RuntimeError: don't know how to restore data location of torch.storage.UntypedStorage (tagged with 0)

I'll continue to poke around on this. My goal is go confirm imagenet evaluation and then to move onto getting/testing other datasets before attempting to fine tune.

anas-awadalla commented 1 year ago

@dribnet Are you using this script as is?

dribnet commented 1 year ago

Well not as-is since that one evaluates everything except ImageNet. 😅 It is based on that one - but I've also removed the slurm dependency since I hoped that would be easier than figuring out what slrum is and how to configure it on a single node machine.

dribnet commented 1 year ago

Managed to get a bit further on this today by using device="cuda:0" instead of device=0 (and changing the internal param check to allow string based devices). So now loading the model on the gpu, but then first forward pass fails.

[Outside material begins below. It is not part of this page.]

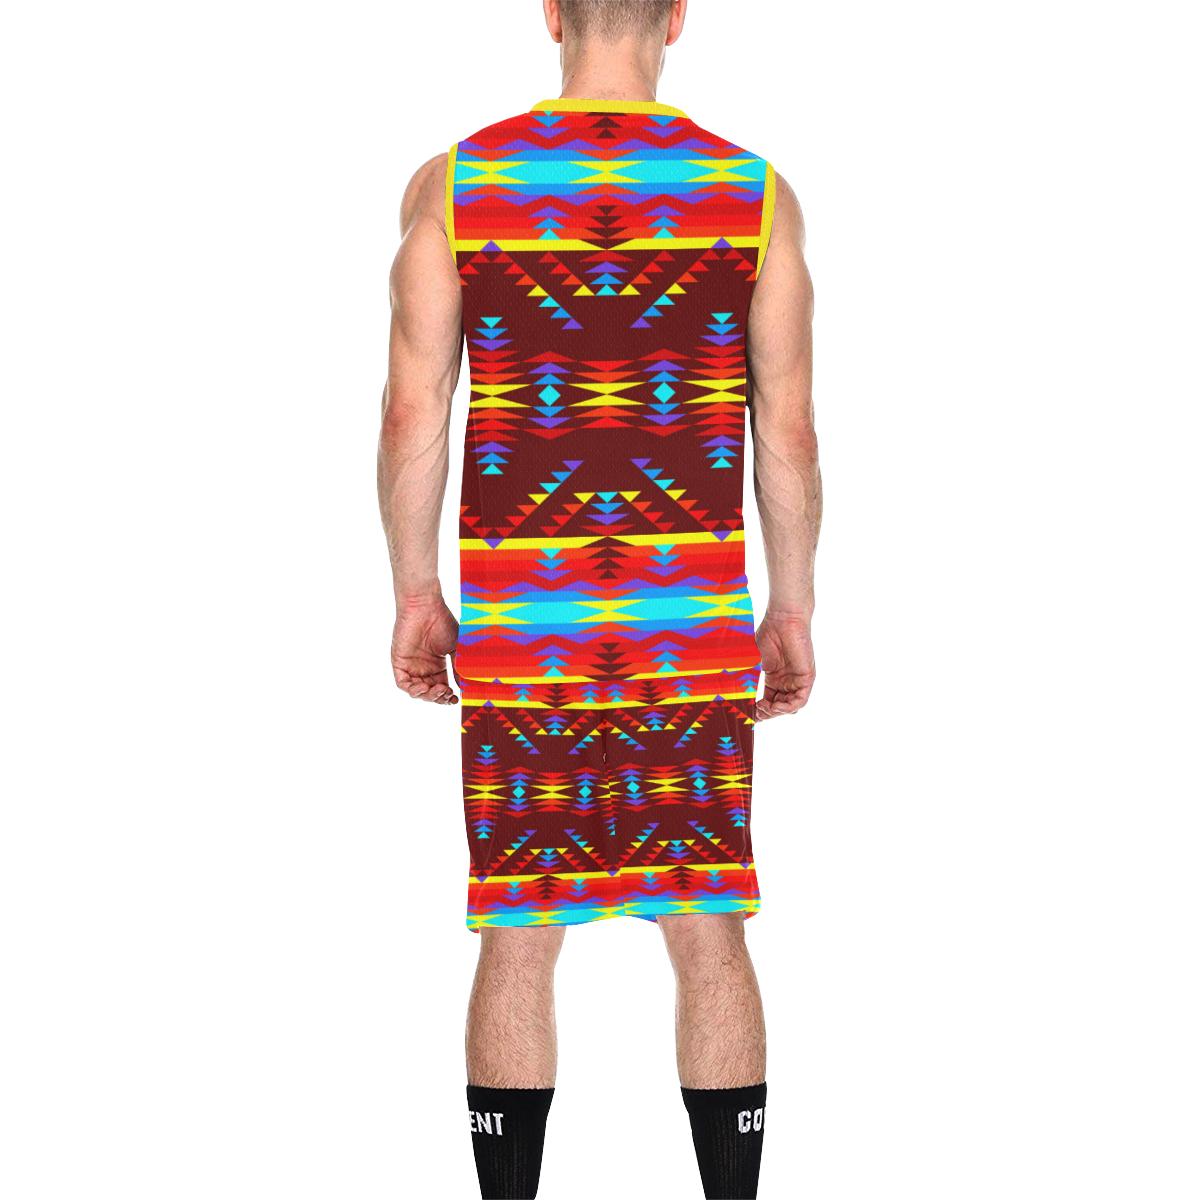 Visions of Lasting Peace All Over Print Basketball Uniform Basketball Uniform e-joyer 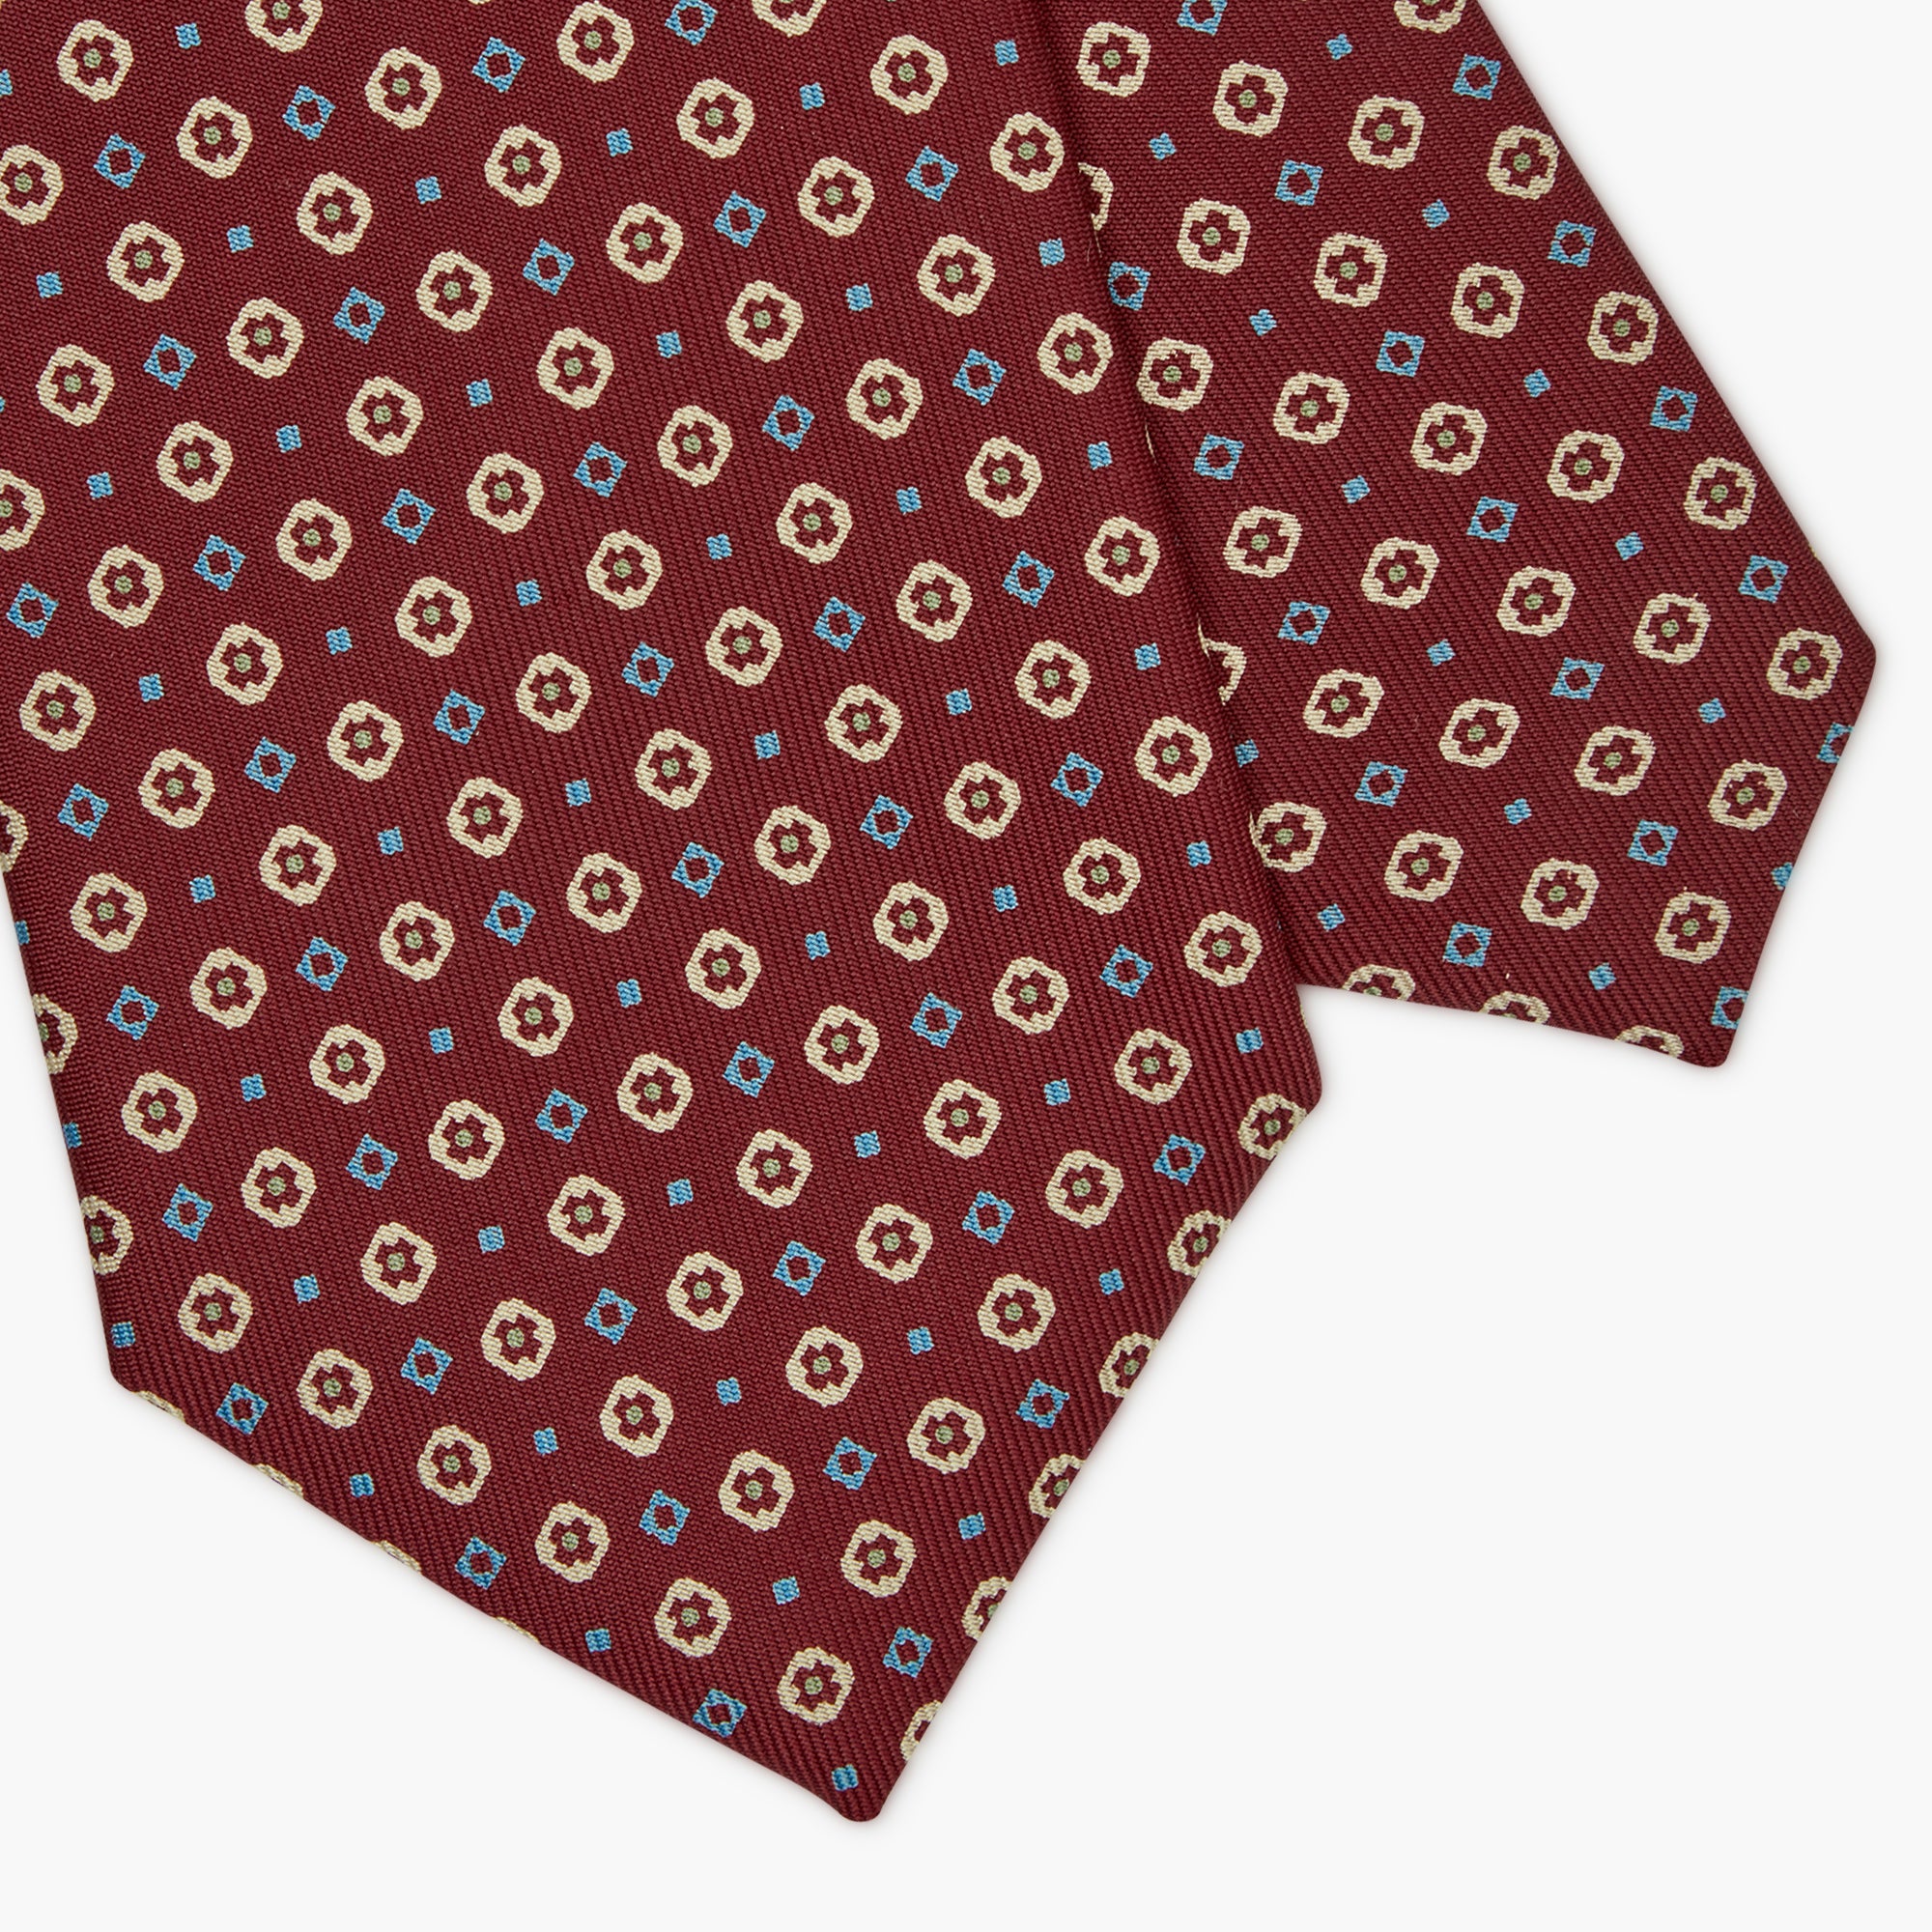 7-Fold Micro Pattern Printed English Silk Tie - Burgundy

Flamingo model initialized with 1046992944 trainable parameters
Evaluating on ImageNet...
Running inference imagenet: 0it [00:03, ?it/s]
Traceback (most recent call last):
  File "/mnt/md1/nets/open_flamingo/open_flamingo/eval/evaluate.py", line 1303, in <module>
    main()
  File "/mnt/md1/nets/open_flamingo/open_flamingo/eval/evaluate.py", line 654, in main
    imagenet_score = evaluate_classification(
  File "/mnt/md1/nets/open_flamingo/open_flamingo/eval/evaluate.py", line 1240, in evaluate_classification
    eval_model.get_rank_classifications(
  File "/mnt/md1/nets/open_flamingo/open_flamingo/eval/models/open_flamingo.py", line 179, in get_rank_classifications
    precomputed = self.__call__(
  File "/mnt/md1/nets/open_flamingo/open_flamingo/eval/models/open_flamingo.py", line 279, in __call__
    outputs = self.model(
  File "/usr/local/anaconda3/envs/openflamingo2/lib/python3.9/site-packages/torch/nn/modules/module.py", line 1501, in _call_impl
    return forward_call(*args, **kwargs)
  File "/usr/local/anaconda3/envs/openflamingo2/lib/python3.9/site-packages/torch/nn/parallel/distributed.py", line 1156, in forward
    output = self._run_ddp_forward(*inputs, **kwargs)
  File "/usr/local/anaconda3/envs/openflamingo2/lib/python3.9/site-packages/torch/nn/parallel/distributed.py", line 1110, in _run_ddp_forward
    return module_to_run(*inputs[0], **kwargs[0])  # type: ignore[index]
  File "/usr/local/anaconda3/envs/openflamingo2/lib/python3.9/site-packages/torch/nn/modules/module.py", line 1501, in _call_impl
    return forward_call(*args, **kwargs)
  File "/mnt/md1/nets/open_flamingo/open_flamingo/src/flamingo.py", line 111, in forward
    output = self.lang_encoder(
  File "/usr/local/anaconda3/envs/openflamingo2/lib/python3.9/site-packages/torch/nn/modules/module.py", line 1501, in _call_impl
    return forward_call(*args, **kwargs)
  File "/mnt/md1/nets/open_flamingo/open_flamingo/src/flamingo_lm.py", line 157, in forward
    return super().forward(**kwargs)  # Call the other parent's forward method
TypeError: forward() got an unexpected keyword argument 'labels'

This is promising - seems unhappy with labels being passed in there - perhaps another typo introduced in bcf220c1 I can check on that next time. I could also try other ways of evaluating the model if there is another dataset that is reasonable to get (I've also been downloading mmc4 for the past week via the scripts for this).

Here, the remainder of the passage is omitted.